== ABOUT THIS TASK ==
An exact copy of all the lines below is required, with every image left out.

== DATA SHOWN ==
---*---

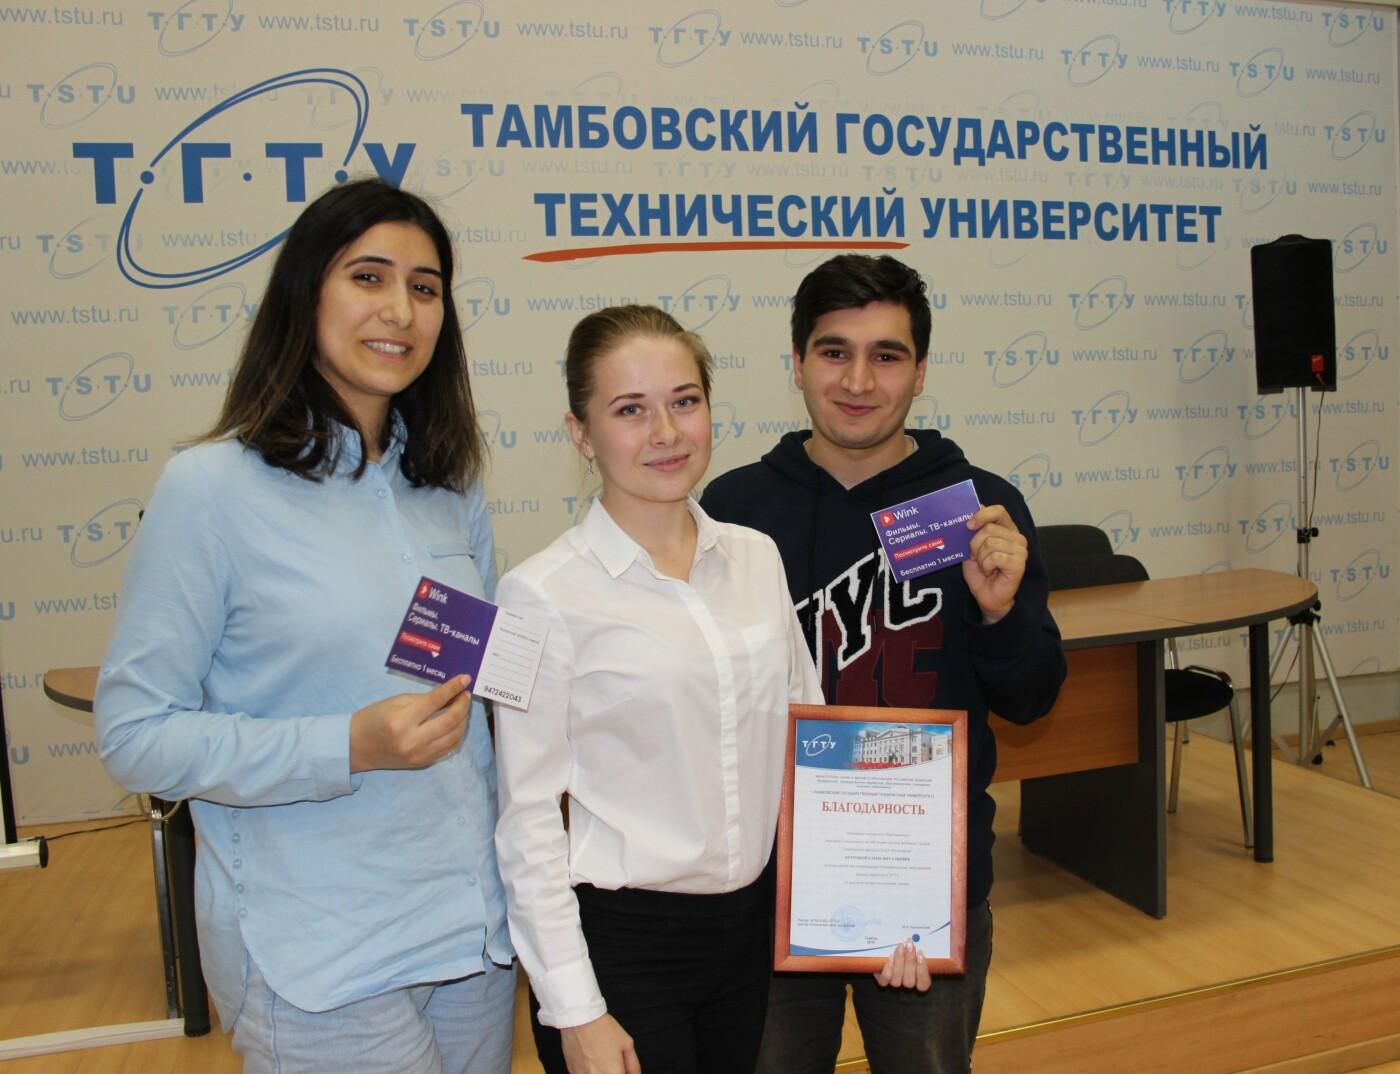 «Ростелеком» поддержал «Школу маркетинга» в Тамбове, фото-1
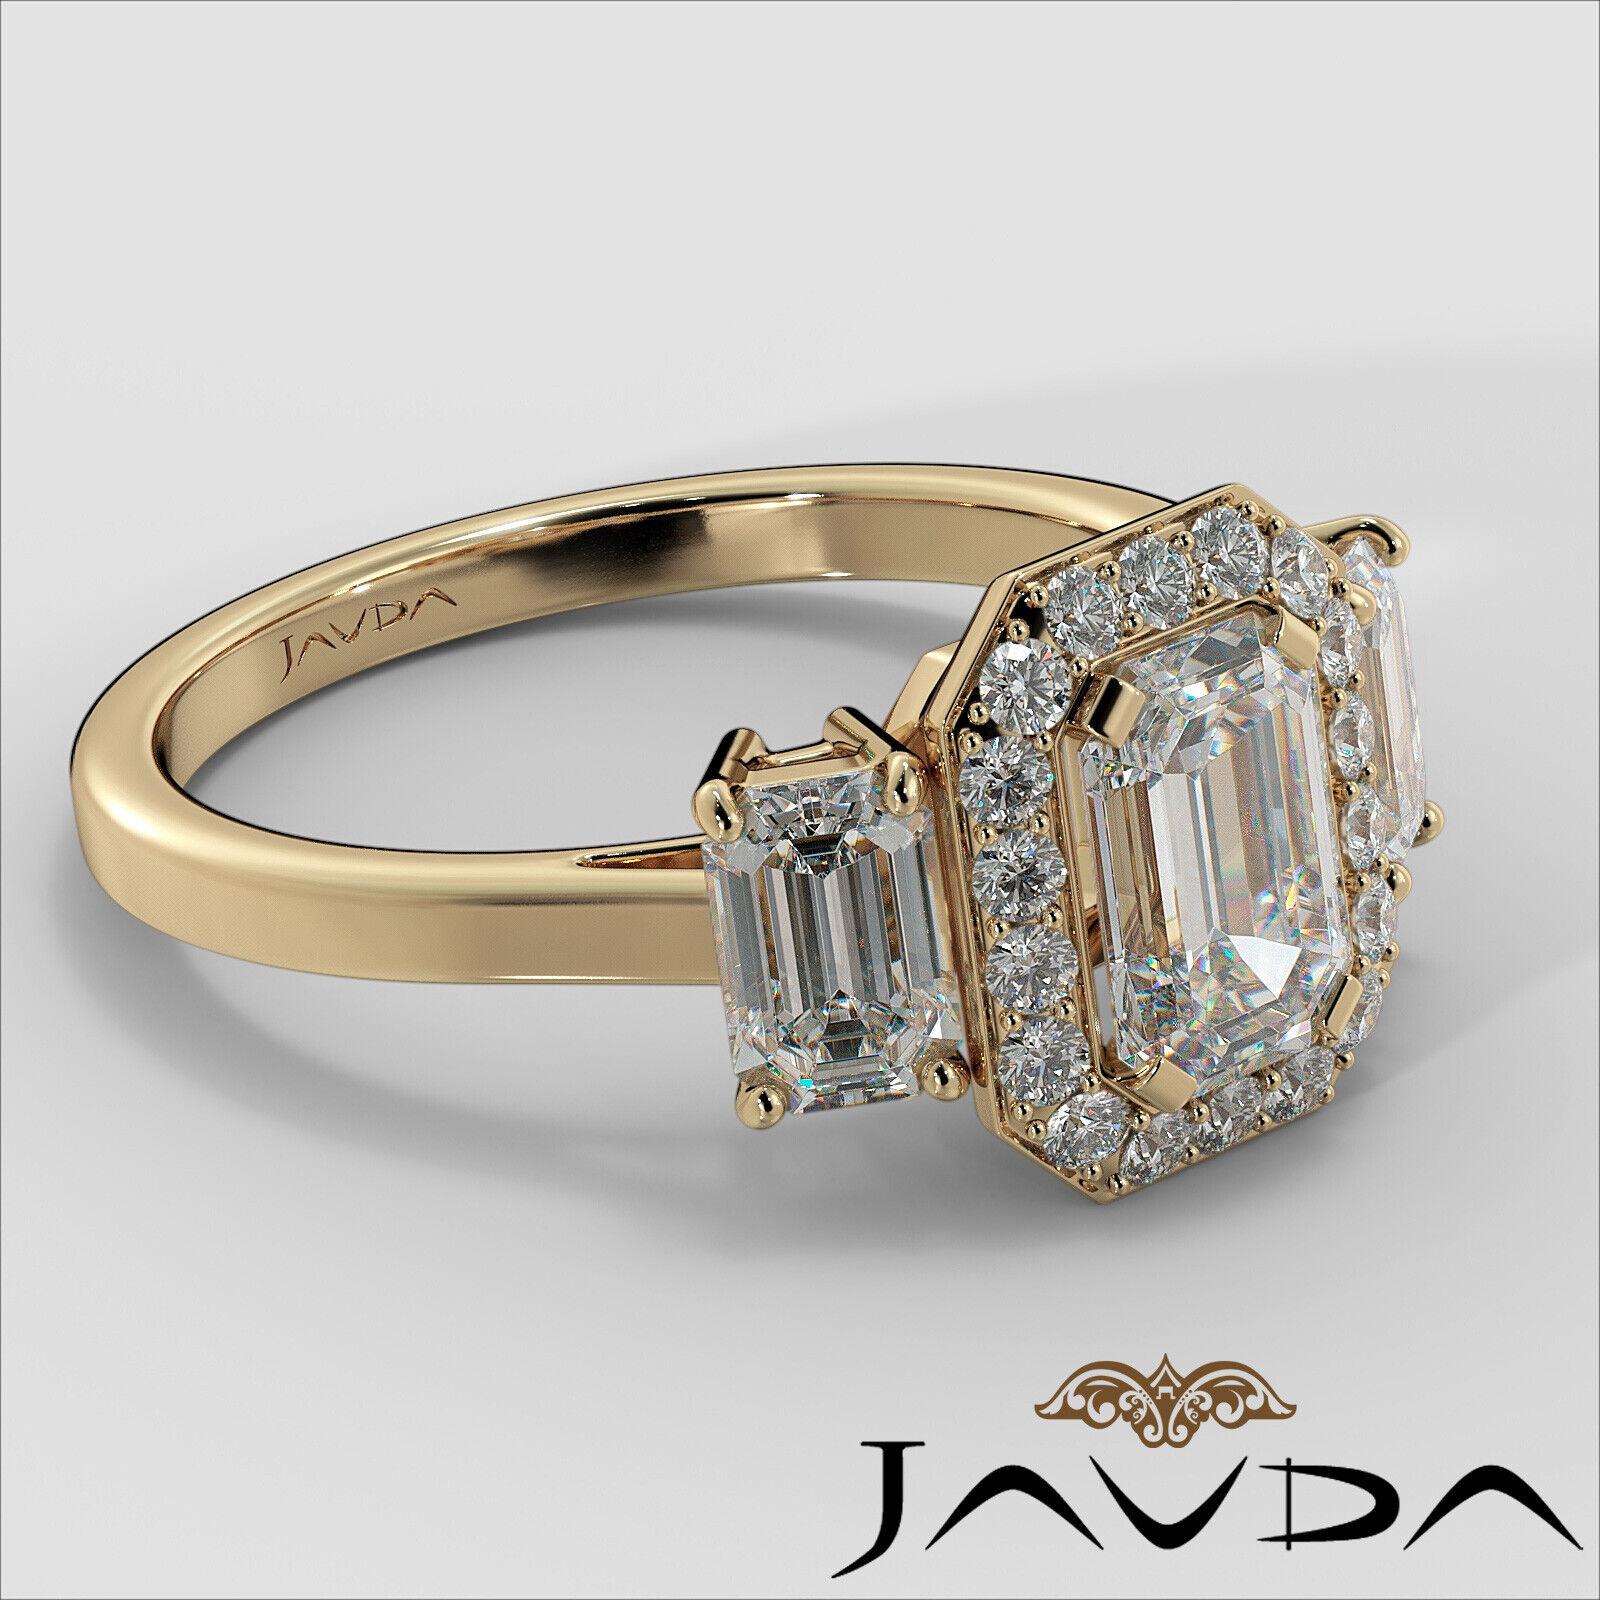 1.55ctw 3 Stone Halo Pave Emerald Diamond Engagement Ring GIA F-SI2 White Gold 10
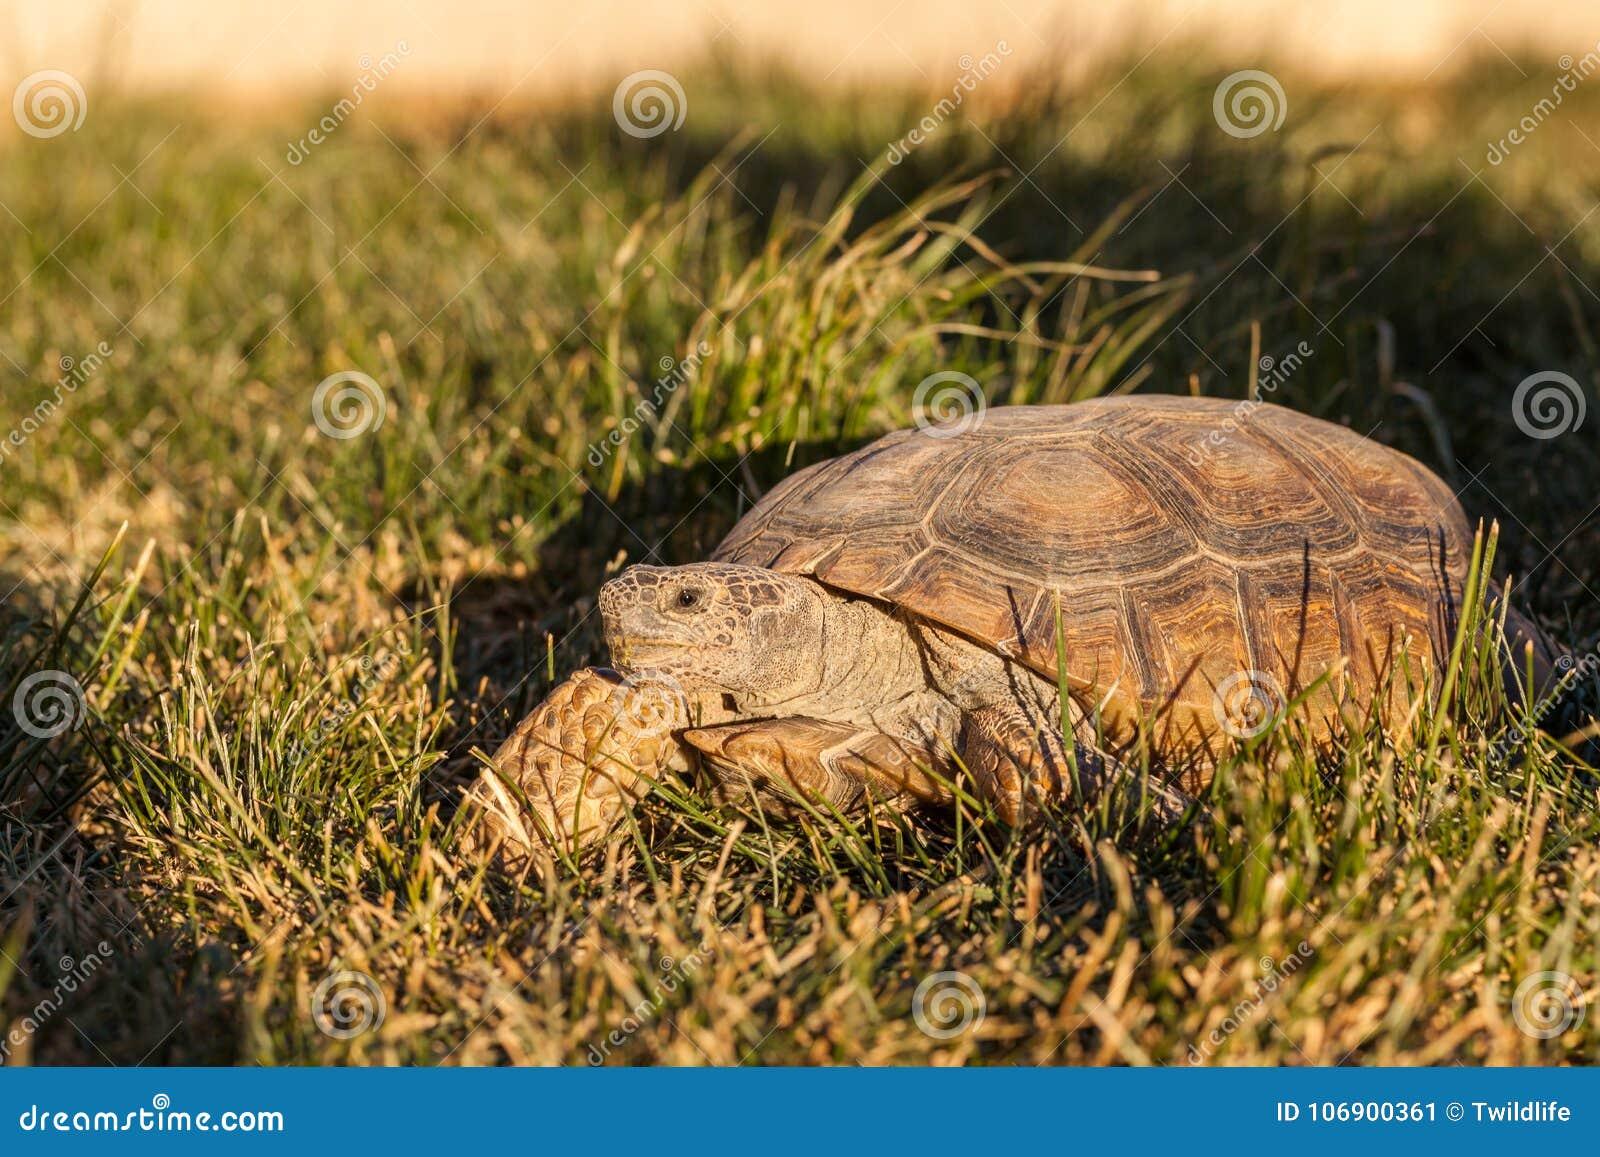 Desert Tortoise in Grass in Arizona

---*---

== WORKED SOLUTION ==
 «Ростелеком» поддержал «Школу маркетинга» в Тамбове, фото-1
 1.55ctw 3 Stone Halo Pave Emerald Diamond Engagement Ring GIA F-SI2 White Gold 10
 Desert Tortoise in Grass in Arizona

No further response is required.